924xxx series 8/32 doesnt have much power 

I have replaced the friction plate, the drive wheel and have it adjusted properly.

Does the tension spring ever need replacement?

Does anybody have the part number for it? 

My snowblower has the big wheels and the posi traction if that makes a difference.

Thanks
Jeremy


----------



## td5771 (Feb 21, 2011)

the drive plate has to be perfectly clean. i use denatured alcohol or even carb/brake cleaner. even a thin film of oil will cause the friction wheel to barely grab.

check tension and condition of your drive belt.

also, i just did a friction wheel on a 10hp 32" machine. if your friction wheel was like my new one, where the two halves of the molds came together there was a little extra material (like the little rubber nubs on new tires) right along the center line. that little bit melted off onto the plate after running it and i had to clean it 2 or 3 times.


----------



## yellowandfast (Oct 28, 2011)

I dint have any flashing like you spoke of on my new drive plate.

I scuffed the wheel with a little scotchbrite pad as it was too smooth in my opinion, and cleaned it spotlessly, long with the new friction wheel.

The belt is also brand new and the tension spring for it is in good shape.

It just doesnt seem to have good power delivery to the wheels, with the bottome plate off I can see the friction wheel skipping off the drive plate.
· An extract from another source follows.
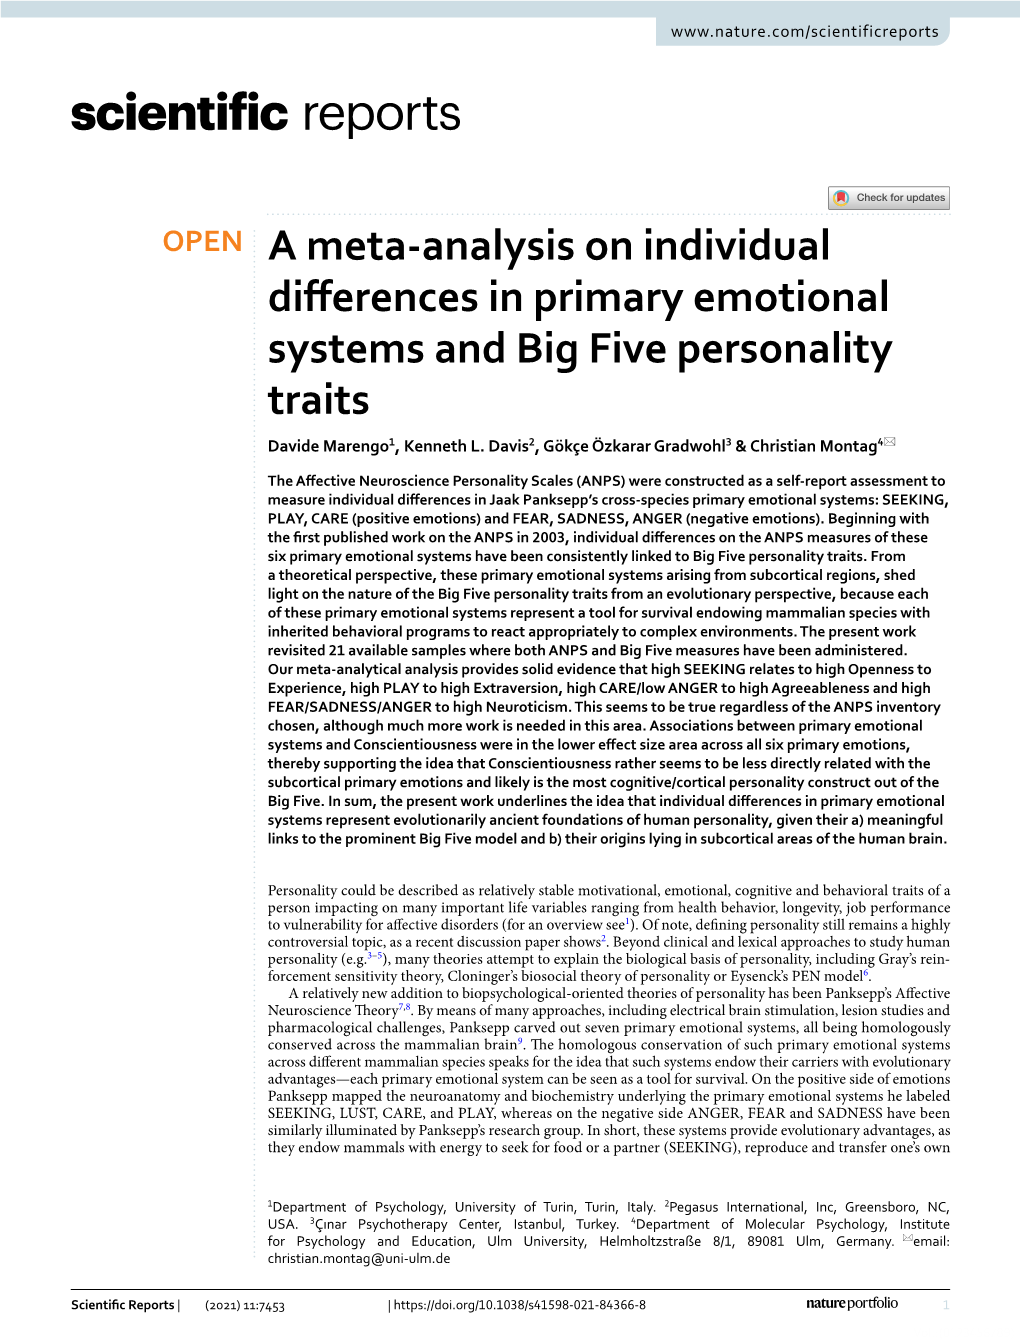 A Meta-Analysis on Individual Differences in Primary Emotional

Thats why Im thinking its the tension spring that has worn with age.

Jeremy


----------



## td5771 (Feb 21, 2011)

do you mean skipping as in moving away from? could be the spring. but if the friction wheel is "skipping or jumping" off the plate there might be a bushing problem and when there is pressure between the friction wheel and friction plate, it jumps around. 

watch everything as it is skipping, look at every connection , bushing, bearing, bolt. something might be loose or worn.
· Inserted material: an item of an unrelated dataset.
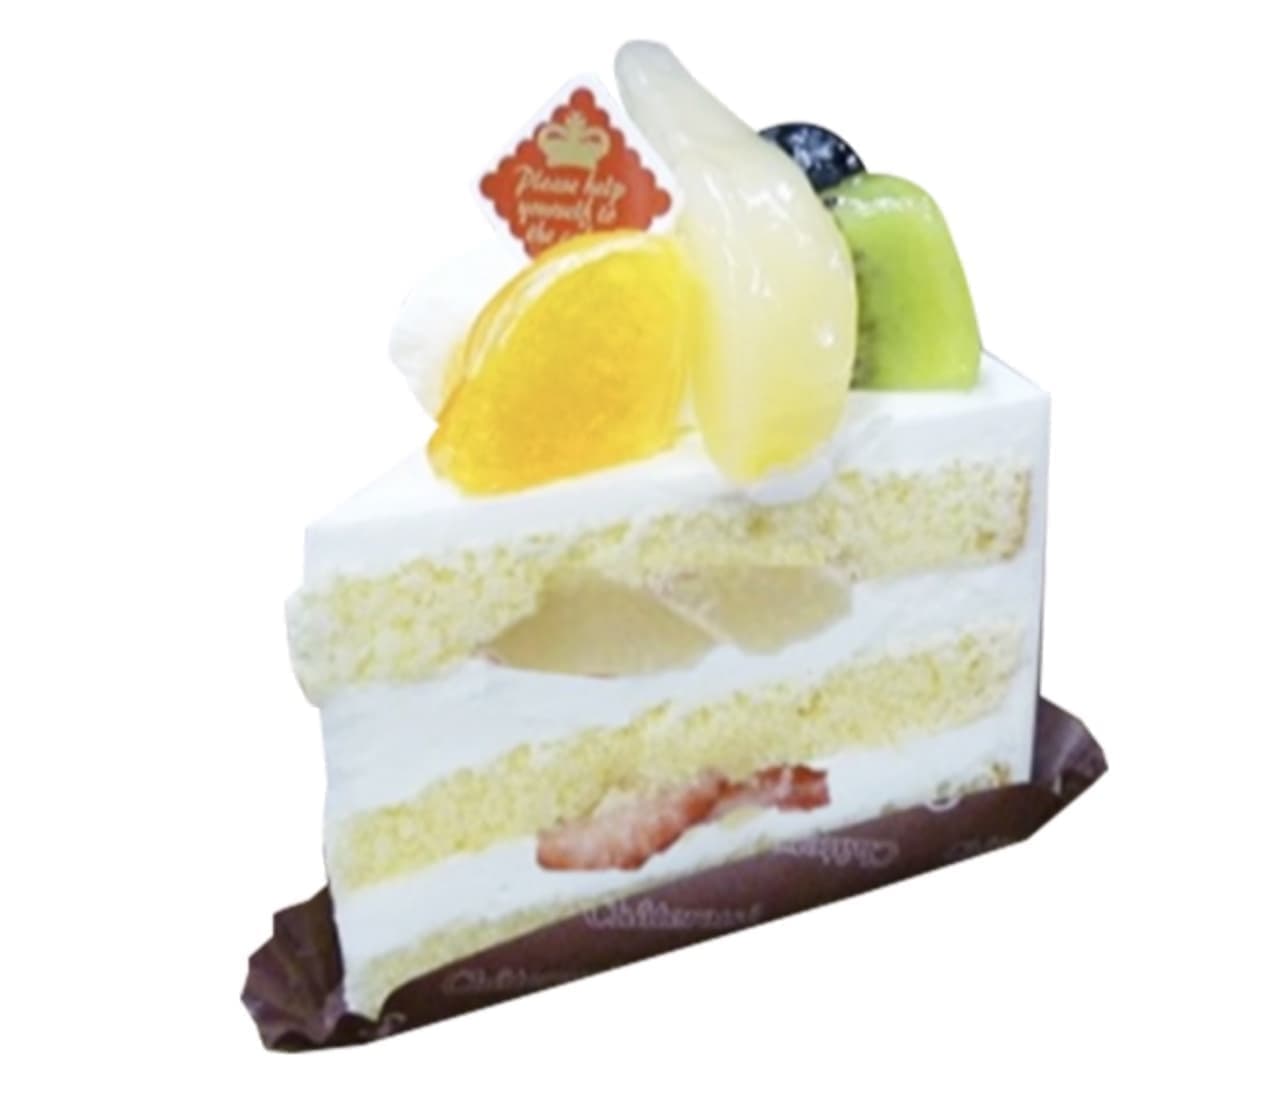 Chateraise "Premium Pure Fresh Cream Shortcake with Pears and Fruits

i would think if the spring was bad it would be a constant lack of pressure.

hook a small cable or wire through the back of your machine, disconnect where the spring is attached and hook the wire there so you would in essence be bypassing the entire lever/cable/spring assembly. start it and manually put pressure on the friction wheel and plate by pulling the cable by hand. if it does not skip and there is no play in any bushings i think you are right and the spring is bad.

if you try the cable test, remember you might be pulling hard enough to go past whatever play is in a bad part and keep the disc against the plate.


----------



## HCBPH (Mar 8, 2011)

*Drive issues*

This is not an Ariens but is a friction disc machine that had some drive issues:








The bushings between the pulley and friction plate were worn so it moved when it shouldn't. Along with that, the bushing on the intermediate shaft had extra play in it also, causing some slack. Replacing both solved those issues. The friction plate was cleaned up after the pictures were taken.

Additionally on this one, it was missing the tensioning mechanism for the friction disc to apply to the friction plate (the friction disc does clear the spring when changing drive speeds). I ended up having to make something myself as original parts were not available. I had to drill a hole to attach one end of the spring on the parts with the friction disc, used a piece of angle iron to fasten the other end then used a spring and turnbuckle to put tension on the disc (safety wired the turnbuckle so it wouldn't change due to vibration etc). In this one, the gear shifter releases pressure on the friction disc and seems to work well especially since I don't know what the original parts looked like









Hope that gives you some ideas on things to check. Good luck


----------